In applying these existing rules to AHPs, the Department prohibits associations from treating different employer members as distinct groups of similarly situated individuals. This limits the ability of associations to engage in employer-by-employer risk rating (by, for instance doing health status underwriting for one employer in the association but not another). The Department requests comment on whether the nondiscrimination protections appropriately balances risk selection issues and the ability of employers to innovate.

The proposed rule maintains existing reporting requirements under ERISA but requests comments on whether it should adopt notice requirements to ensure that members of associations as well as participants and beneficiaries are adequately informed of their rights or responsibilities with respect to AHP coverage. Comments are also requested on the impact of these proposals on the risk pools of the individual and small group markets as well as any data, studies, or other information that would help estimate the benefits or costs of the rule.

E. Applicability of ACA Requirements

AHPs will be classified the same way as large employers’ insurance, meaning AHPs will no longer have to include essential health benefits that the ACA requires.

The plans would also be exempt from an ACA rule requiring insurers to spend at least 80 percent of premium revenue on medical care. Self-insured AHPs, while not subject to state mandate benefits, would still be governed by the employer mandate. The mandate requires employers to offer a “minimum value,” meaning it covers at least 60% of a member’s benefit costs.

As AHPs would be treated as a group health plan, they would still be barred from prohibiting people with pre-existing conditions and annual lifetime limits. The plans would still have to cover young adults up to age 26 on their parents’ plans and cover preventive services at no cost.

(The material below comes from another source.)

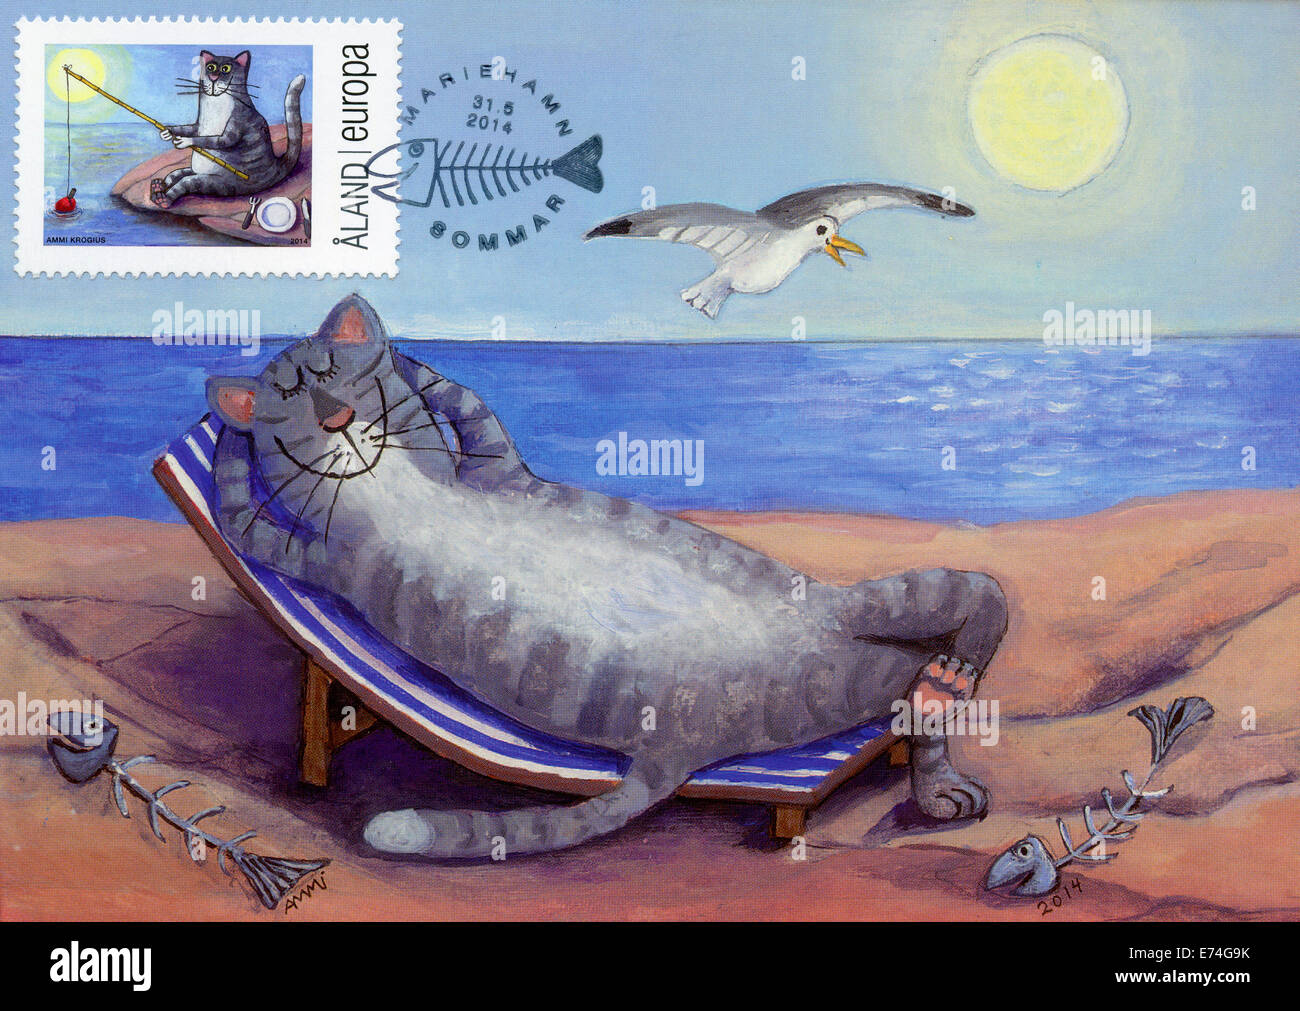 Aland Maximum Karte mit Katze illustration Stockfoto

F. Sale Across State Lines and Compliance with State Regulations

While the proposed rule permits AHPs to be sold across state lines, the plans must comply with state regulation. The rule invites public input “about the relative merits of possible exemption.”

State authority over such plans would vary depending on whether the plans were self-insured, (which exempts them from some state coverage and benefit rules) or fully insured (which means they must meet state mandates). No matter how plans are funded, states would retain oversight of their solvency.